In 2000, Platte, along with two other members of her religious congregation, Sisters Jackie Hudson, O.P., and Carol Gilbert, O.P., illegally entered Peterson Air Force Base and sprayed a fighter plane with their own blood. The three women were arrested and held in prison until the charges were dropped. In 2002, the same trio entered a Minuteman III missile silo in Colorado. They wore white jump suits bearing the words "Citizen Weapon Inspection Team", and proceeded to pray in front of the silo as they poured their own blood on it in the shape of a cross. The sisters were arrested and had to wait lying on the ground for hours. They continued protesting into their pre-trial hearing; wearing full religious habits, the Sisters answered the judge by nodding without speaking. At the start of their trial, Robert E. Blackburn, the presiding judge, granted an in limine motion to the prosecutor, which prevented the sisters from arguing that their actions were legal under international law and the Nuremberg defense. They were sentenced to between 30 and 41 months in prison.

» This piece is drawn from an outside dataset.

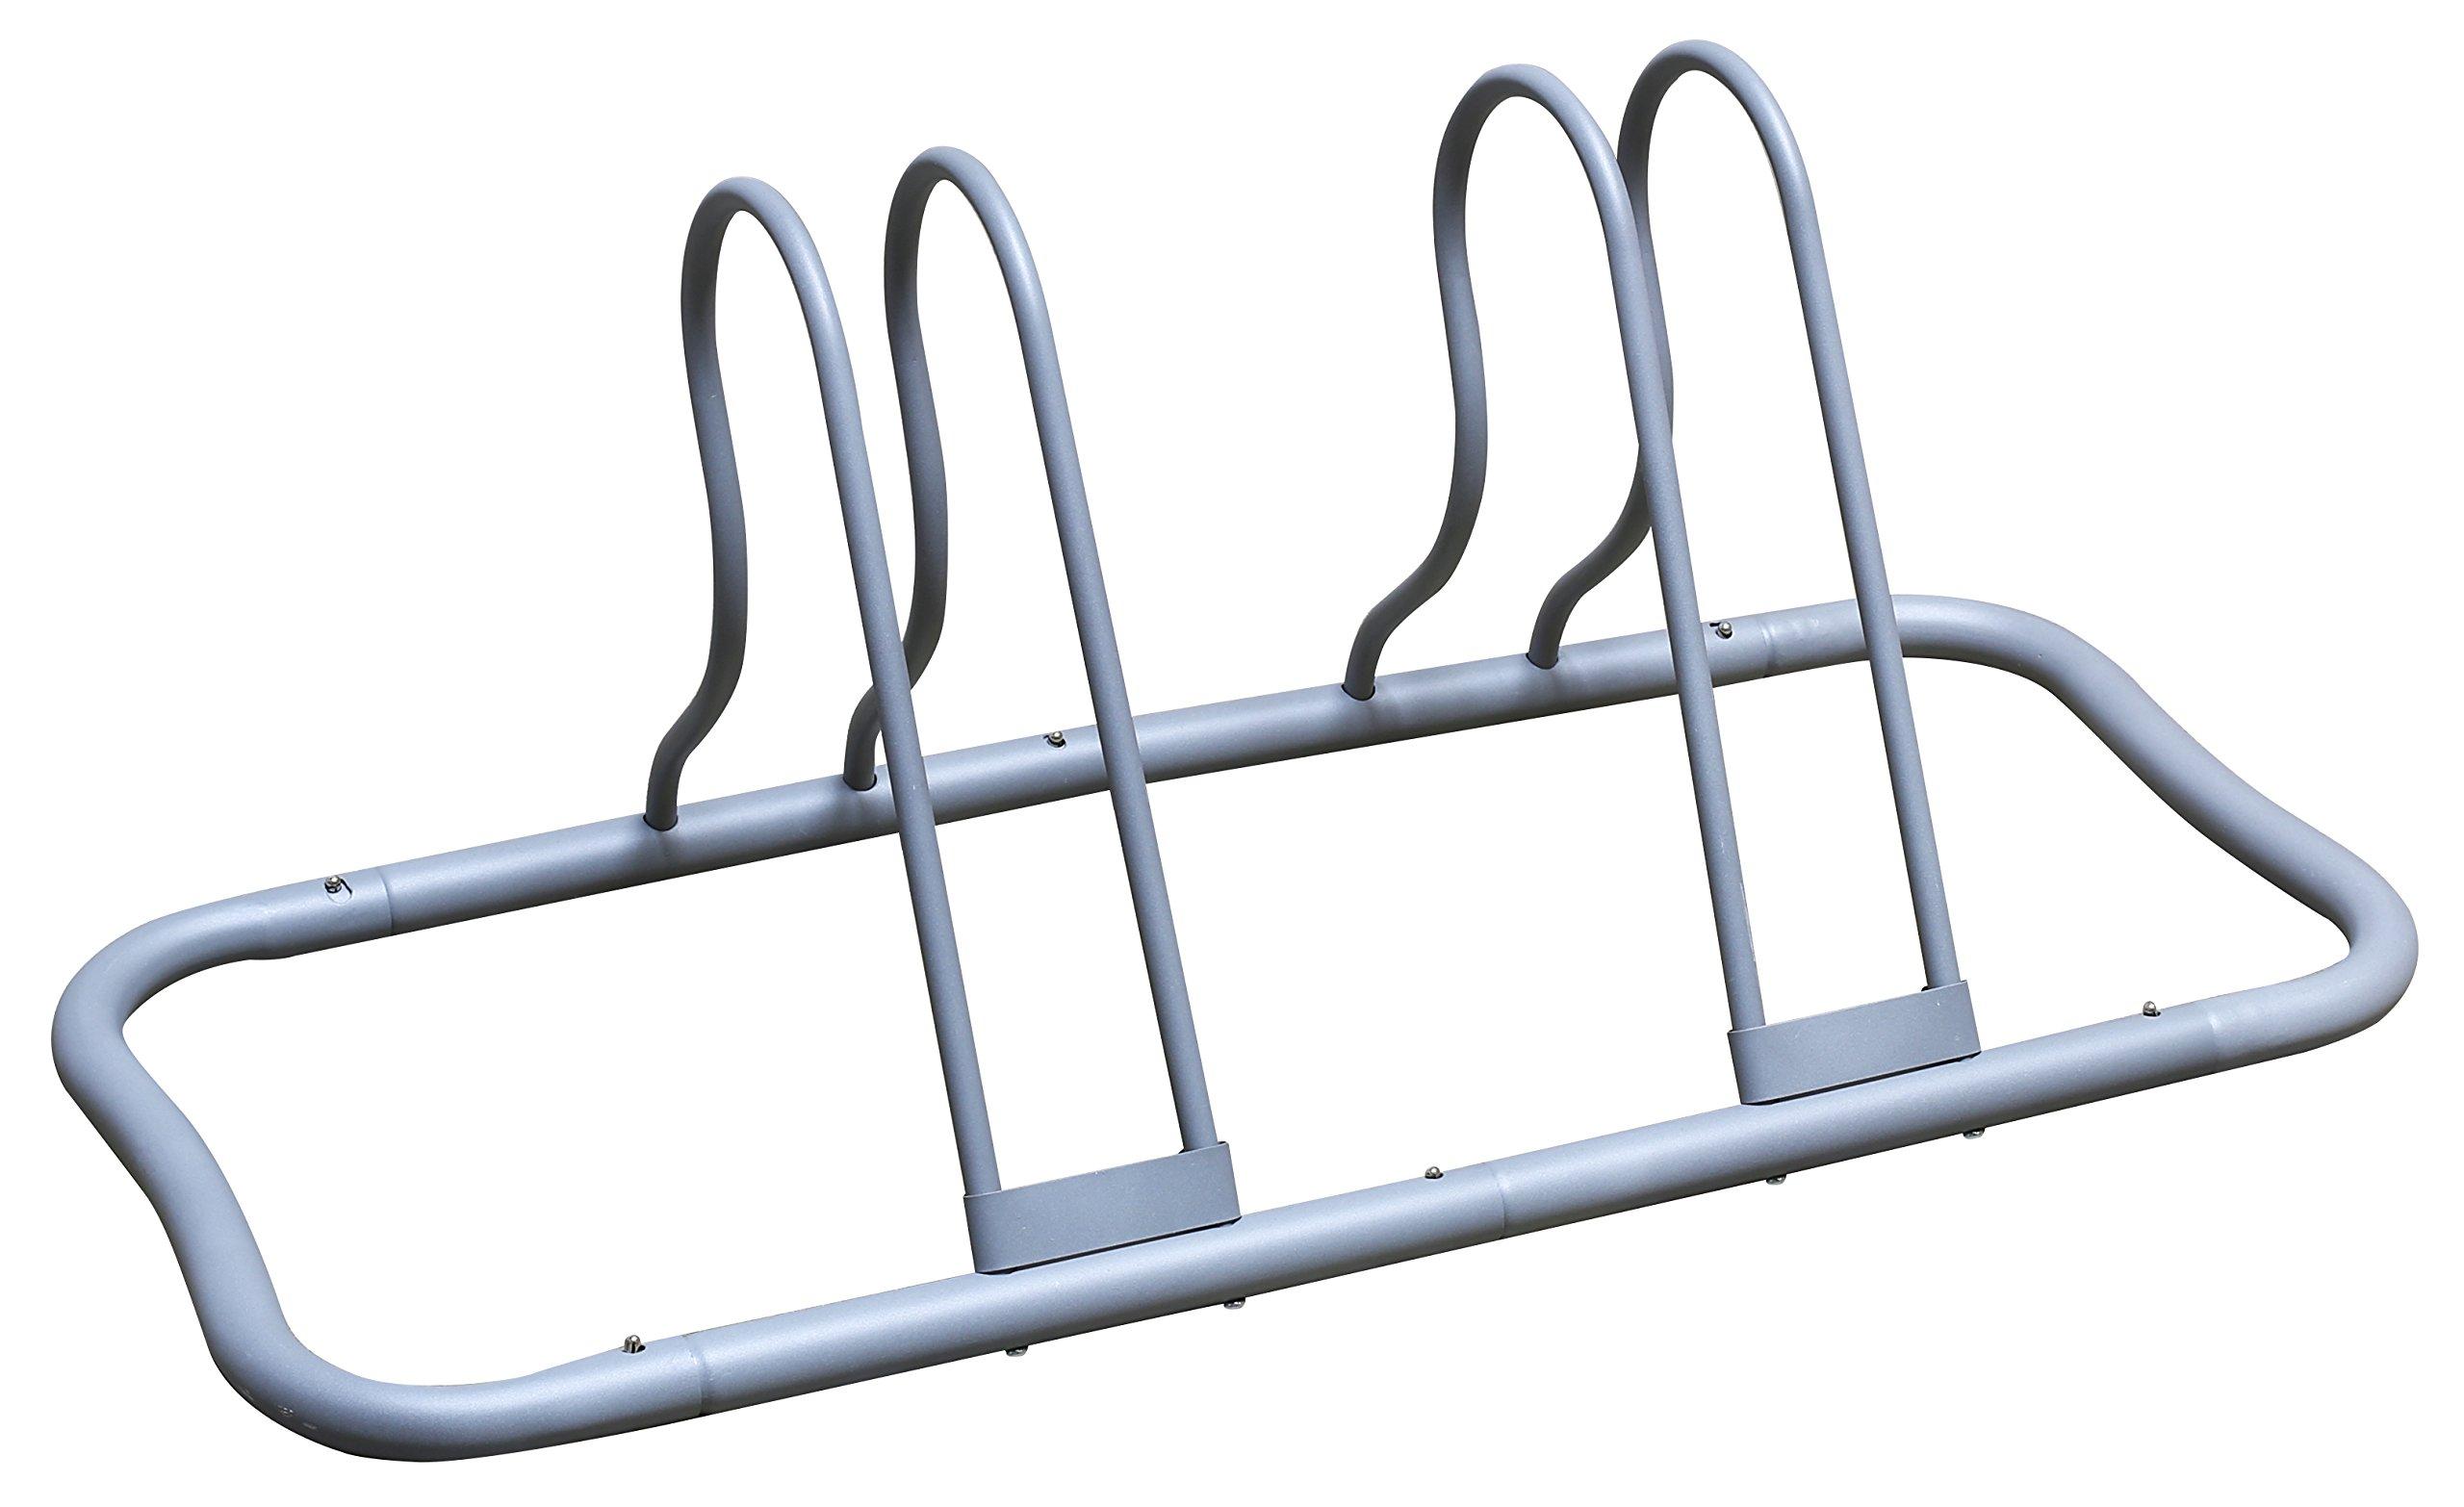 DecoBros 5 Bike Bicycle Floor Parking Adjustable Rack Storage Stand, Silver by Deco Brothers

Platte was released from prison on December 22, 2005. She was not due to be released until May 31 of the next year, but a judge took into consideration the time she had already served, according to the Federal Bureau of Prisons. She then served three more years of probation. She is considered a terrorist by the Maryland State Police.

Platte, like other residents of Jonah House, donated a collection of materials documenting her peace activism to DePaul University Special Collections and Archives. The Ardeth Platte Papers are part of the Collection on Peace Activism.